Esqueça a bolha tecnológica. Café artesanal é o próximo boom da indústria

As startups de café estão correndo para se expandir em um mercado que valerá US $ 85 bilhões até 2025, desde a criação de algoritmos para combiná-lo com novos torrados até o redesenho do café instantâneo.

Esqueça a bolha tecnológica. Café artesanal é o próximo boom da indústria

Houve um tempo, apenas algumas décadas atrás, em que o café era algo simples. Você acordava, se arrastava para uma lanchonete ou cafeteria e bebia qualquer café que eles prepararam em sua cafeteira de tamanho industrial. Mas aqueles dias já se foram faz tempo. Se você parar em um café hoje, seu barista irá bombardeá-lo com uma série de questões existenciais complexas: Você quer uma cerveja de origem única da Guatemala com um paladar ácido? Ou uma mistura com um acabamento doce e suave de uma torrefadora artesanal de Topeka, Kansas? Ou talvez você queira comprar US $ 16 em uma xícara do Iêmen?



Bem-vindo ao mundo do café da terceira onda. Nos últimos 15 anos, startups de café artesanal como Blue Bottle, Ritual, Verve, Stumpton, La Colombe e Intelligensia explodiram em cena com um café que era mais sofisticado - e caro - do que qualquer coisa que já tinha vindo antes. É frequentemente descrito como o café da 'terceira onda' porque se baseia nas duas ondas anteriores: a primeira, que começou no início do século 20, foi quando o café se tornou amplamente adotado graças a empresas como Maxwell House e Folgers, que inventaram o café instantâneo barato que as pessoas pudessem beber em casa. Então, na década de 1990, empresas de segunda onda como Starbucks, Peet's, Costa e Caffe Nero entraram em cena, criando uma cultura de café que tornou normal o café premium de US $ 4 a xícara.

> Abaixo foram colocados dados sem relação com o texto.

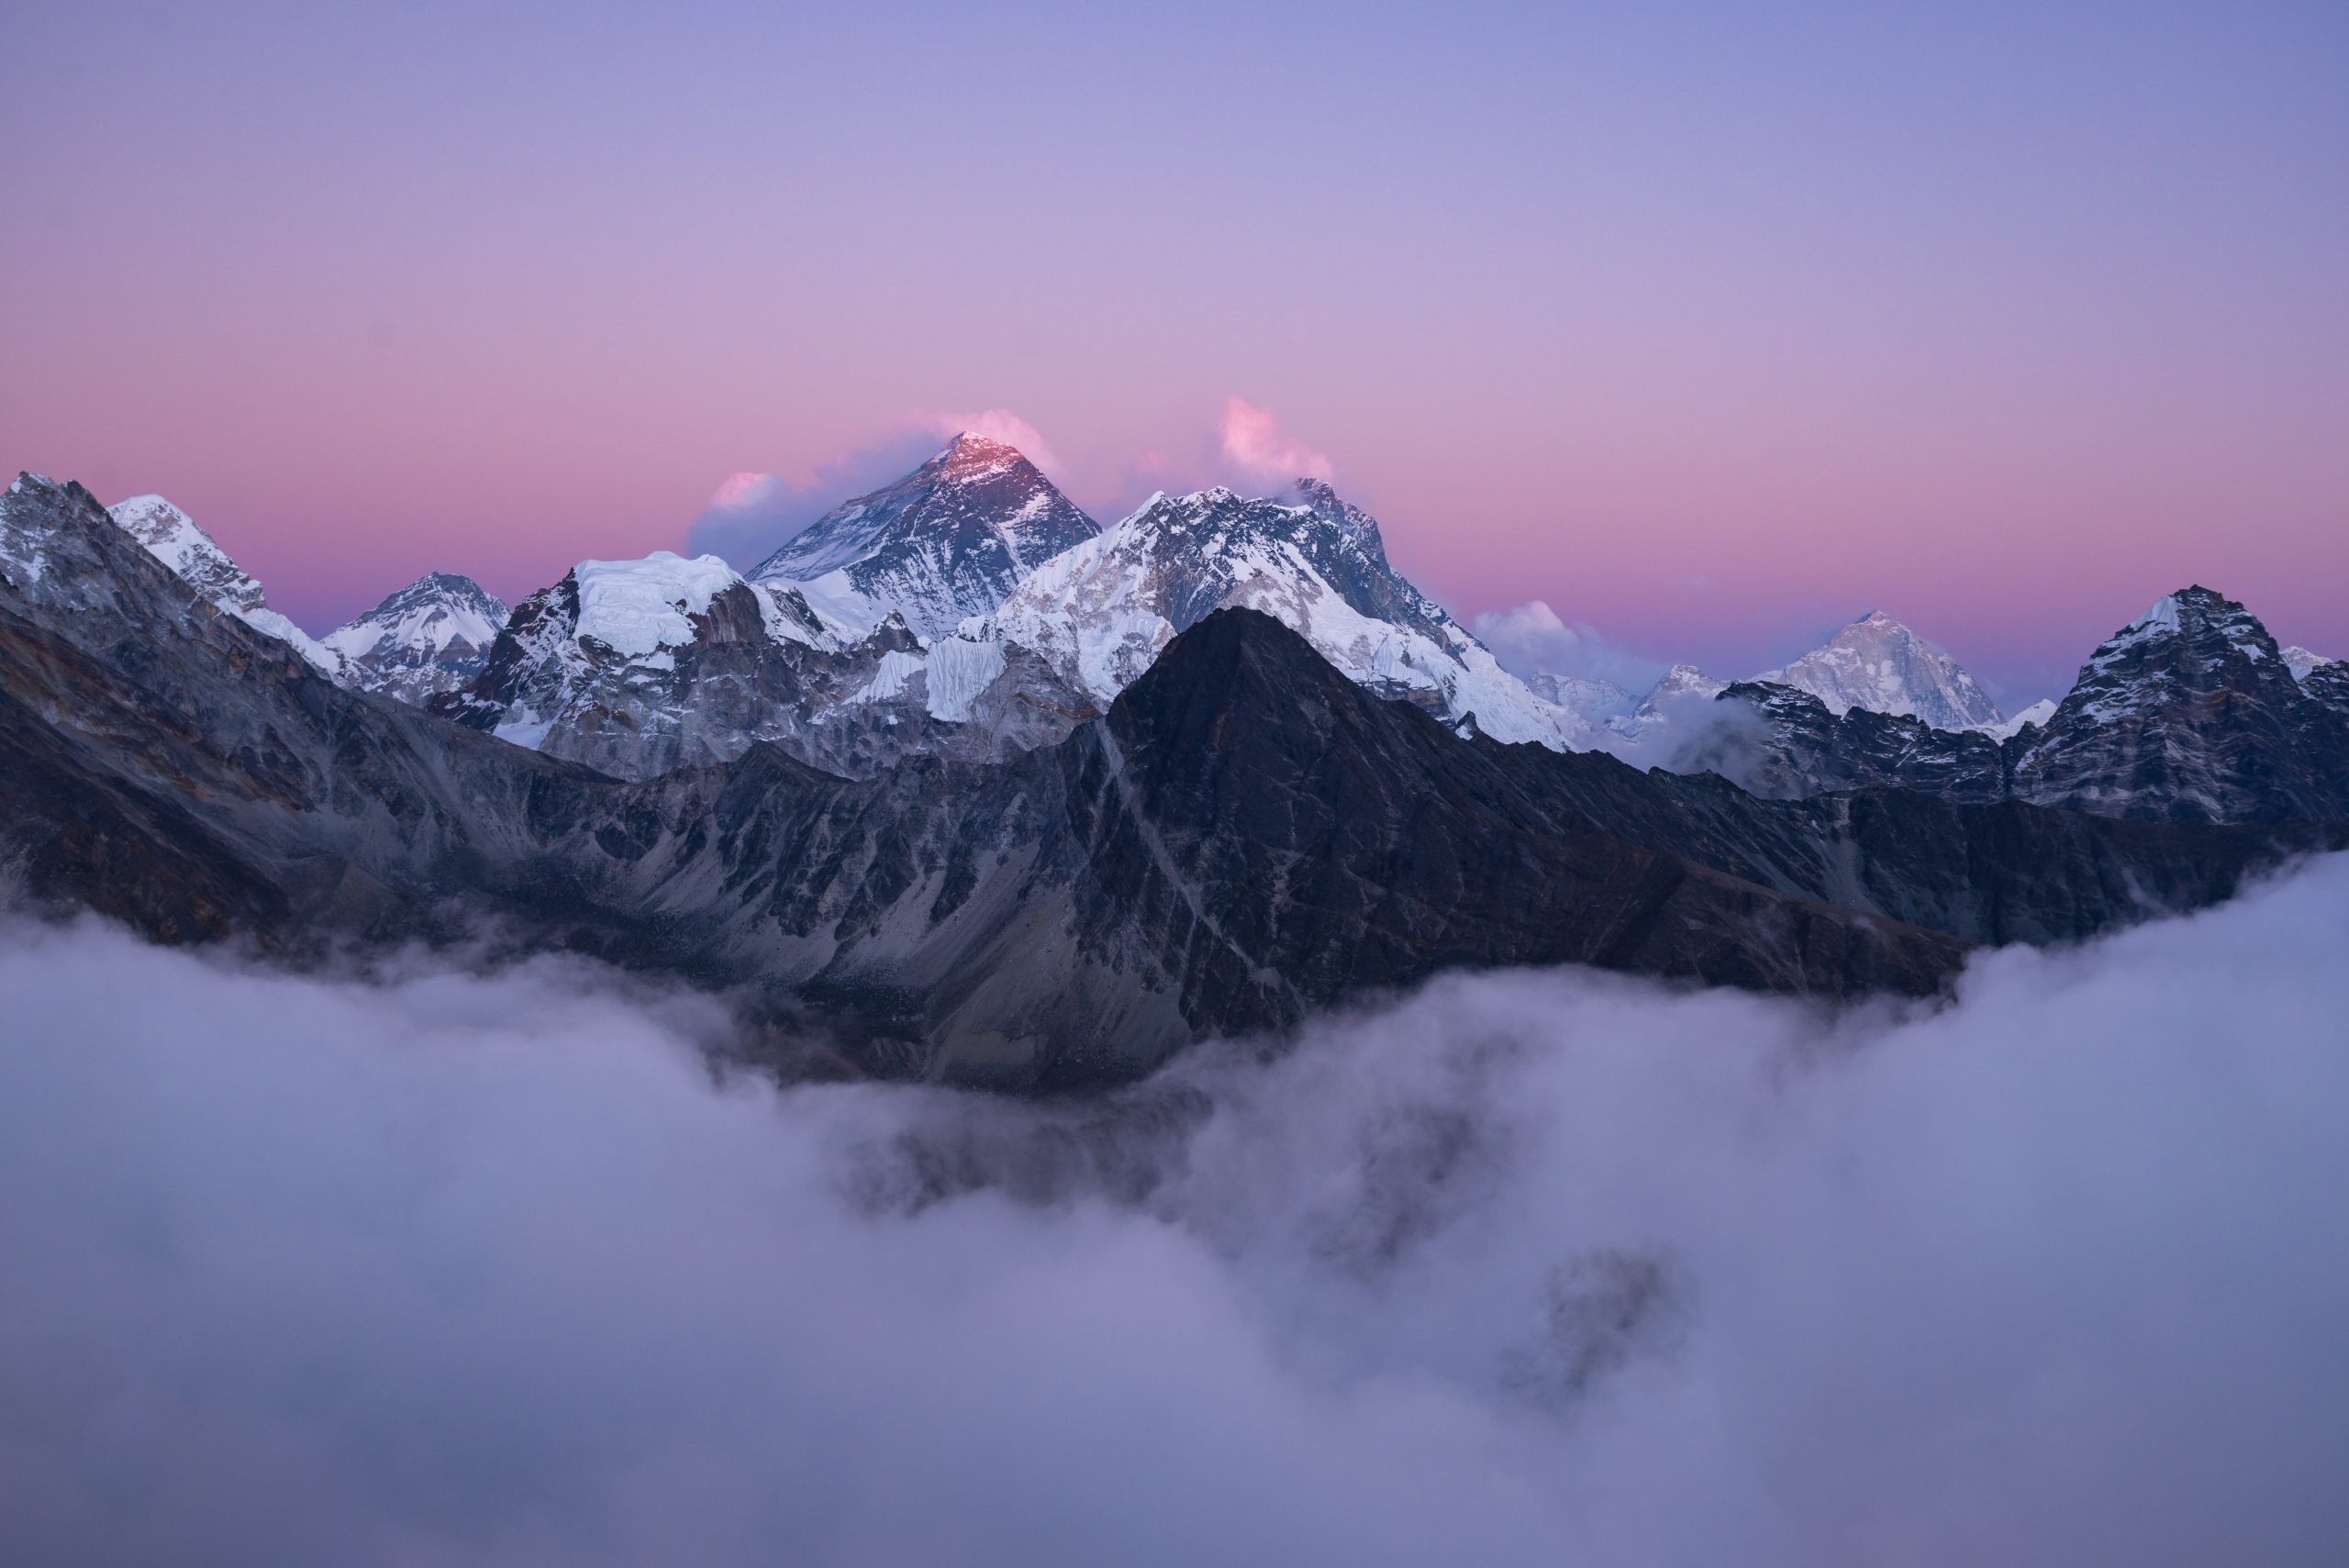 A beautiful scenery of the summit of Mount Everest covered with snow under the white clouds

A Starbucks subiu rapidamente ao topo, escalando em um ritmo impressionante. Em 1990, havia apenas 84 lojas Starbucks, mas por ano passado , a empresa tinha 29.324 lojas e gerou US $ 6,3 bilhões em receitas. A Starbucks dominou a indústria do café, mas também cultivou um novo tipo de bebedor de café educado, criando um terreno fértil para uma nova safra de startups entrar em cena, oferecendo uma visão ainda mais elevada da bebida. A partir do início dos anos 2000, marcas como Blue Bottle e Ritual entraram no mercado, obtendo grãos diretamente de agricultores de todo o mundo e torrando-os em pequenos lotes para criar perfis de sabor distintos.

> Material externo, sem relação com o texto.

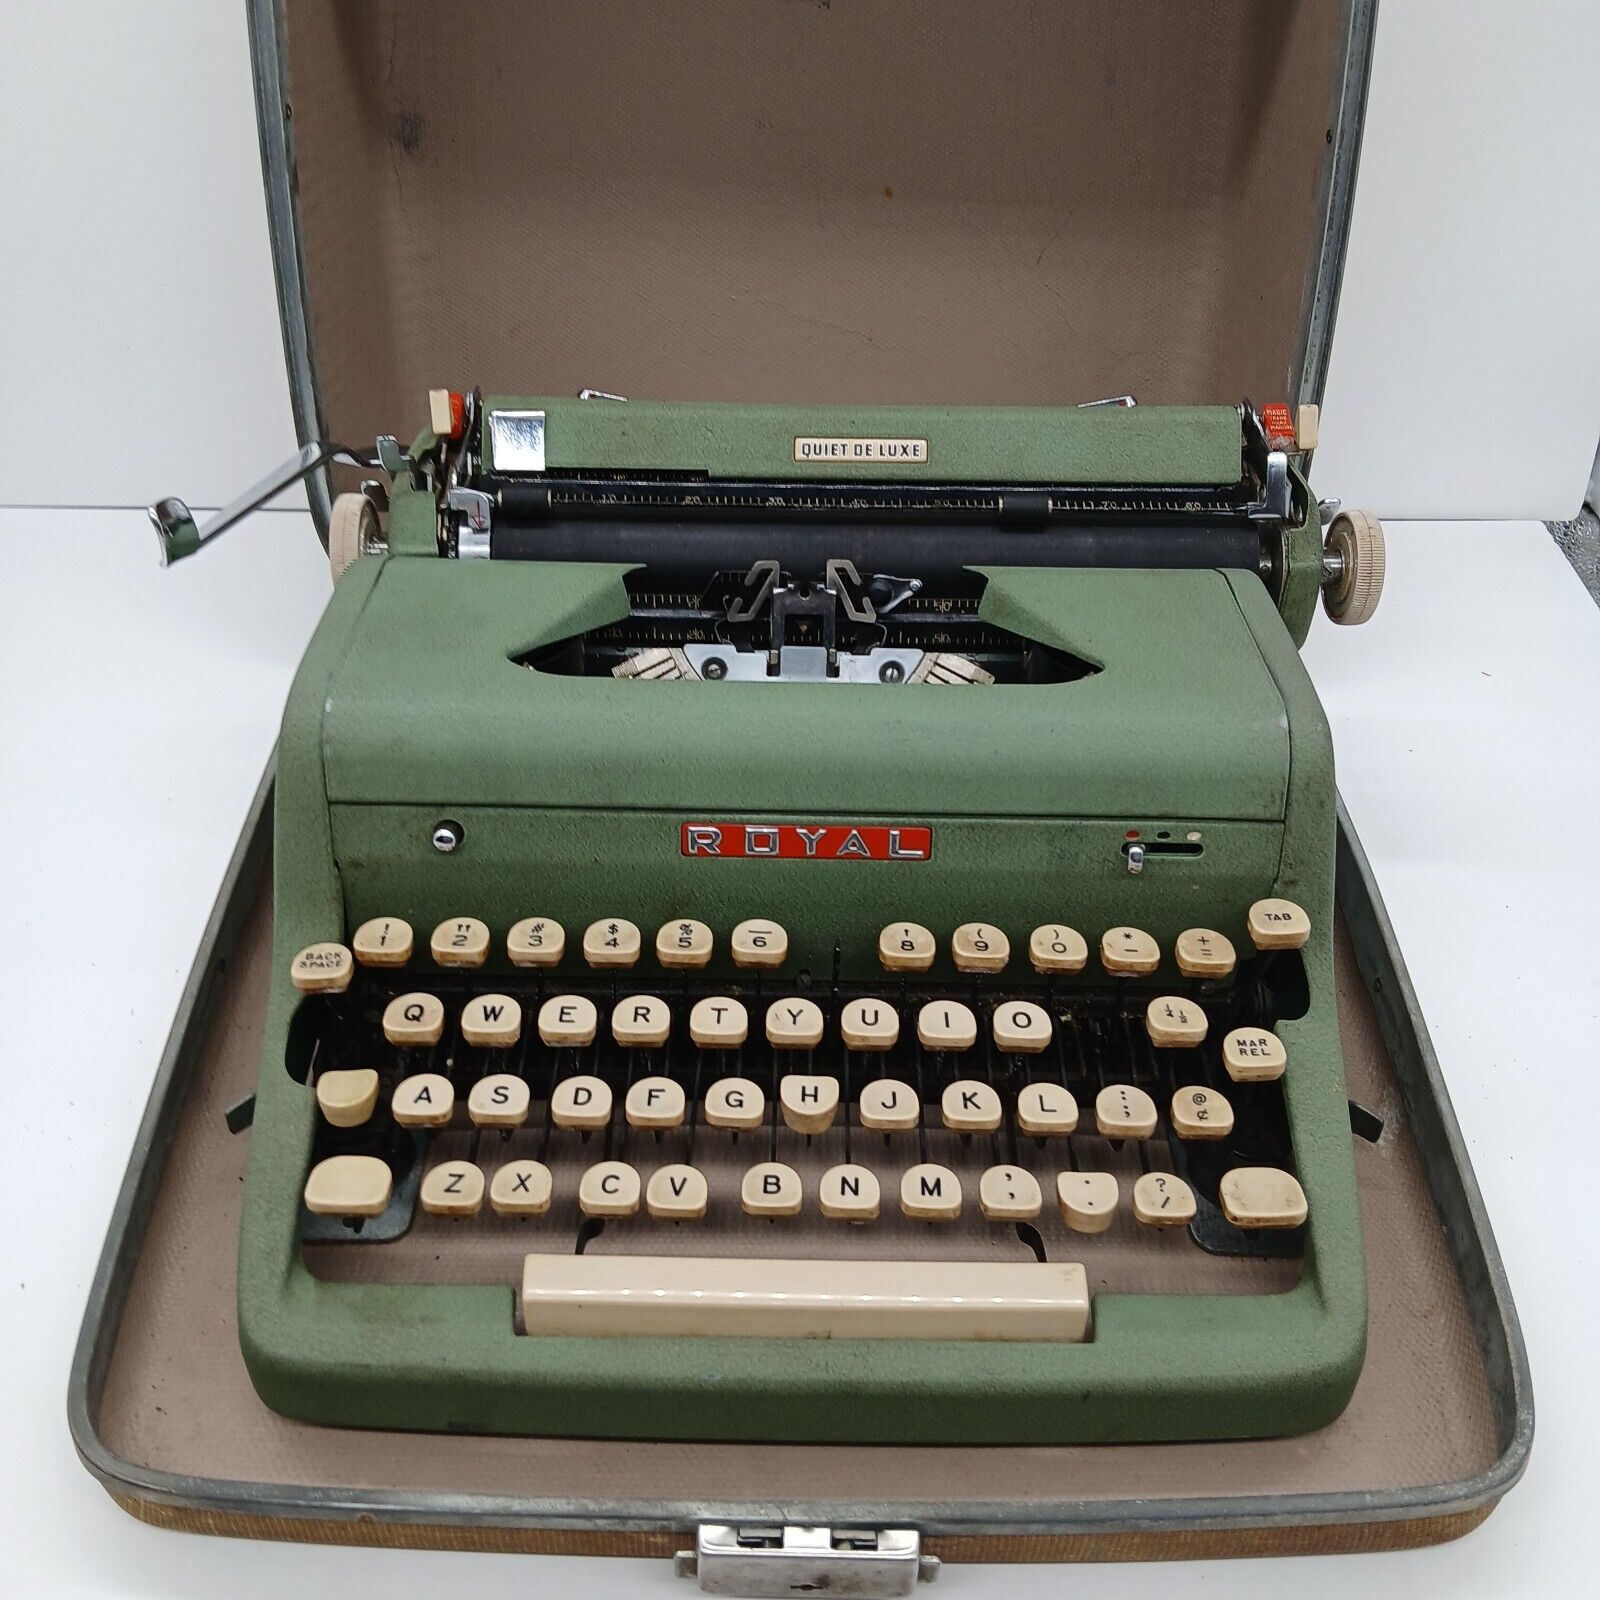 Vintage Royal Quiet De Luxe Portable Typewriter Green with Tweed Case 1950s

As startups de café da terceira onda começaram como marcas de nicho, atendendo aos aficionados por café em cidades costeiras e crescendo de forma constante. Mas especialistas do setor acreditam que o café da terceira onda está prestes a atingir um ponto crítico. Nos próximos cinco anos, o setor deverá entrar em um período de crescimento explosivo que tornará o café artesanal de alta qualidade mais popular, saltando de US $ 35 bilhões em 2018 para $ 85 bilhões em 2025.



[Foto: Canárias]

A infusão de dinheiro

O que está por trás desse crescimento? Parte da resposta é simplesmente o dinheiro vivo e frio que está inundando o setor agora. Os investidores veem o potencial dessas startups para se tornarem negócios enormes e lucrativos, e talvez replicar o sucesso da Starbucks. Um investidor com quem conversei disse que o café é um produto único, porque é algo que as pessoas consomem todos os dias, mas, ao contrário da pasta de dente, não é uma commodity.

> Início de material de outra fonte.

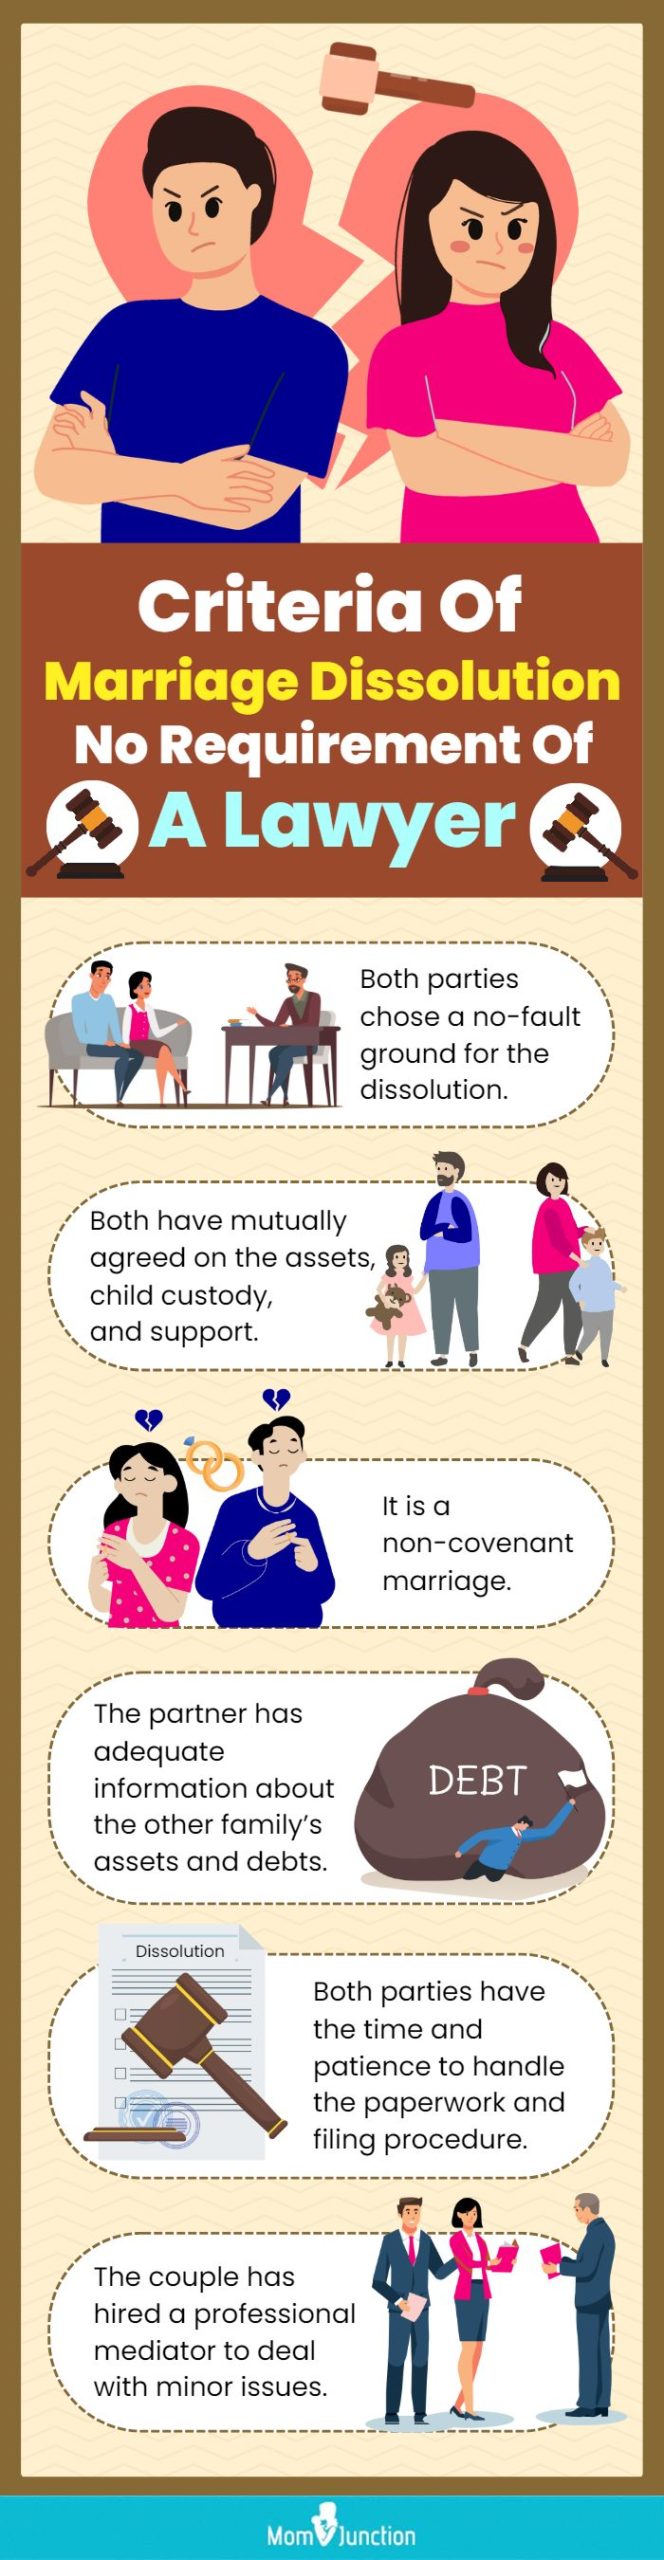 criteria of marriage dissolution with no requirement of a lawyer (infographic)

É muito raro você ter um produto de uso diário pelo qual os clientes se apaixonem, diz Ben Fischman, que investiu na plataforma de assinatura de café Trade. As pessoas usam shampoo ou toalhas de papel todos os dias, e eles estão bem com isso. Mas eles não têm a mesma relação emocional com esses produtos que algumas pessoas têm com sua xícara de café da manhã, que é parte de como elas acordam; faz parte de seu ritual.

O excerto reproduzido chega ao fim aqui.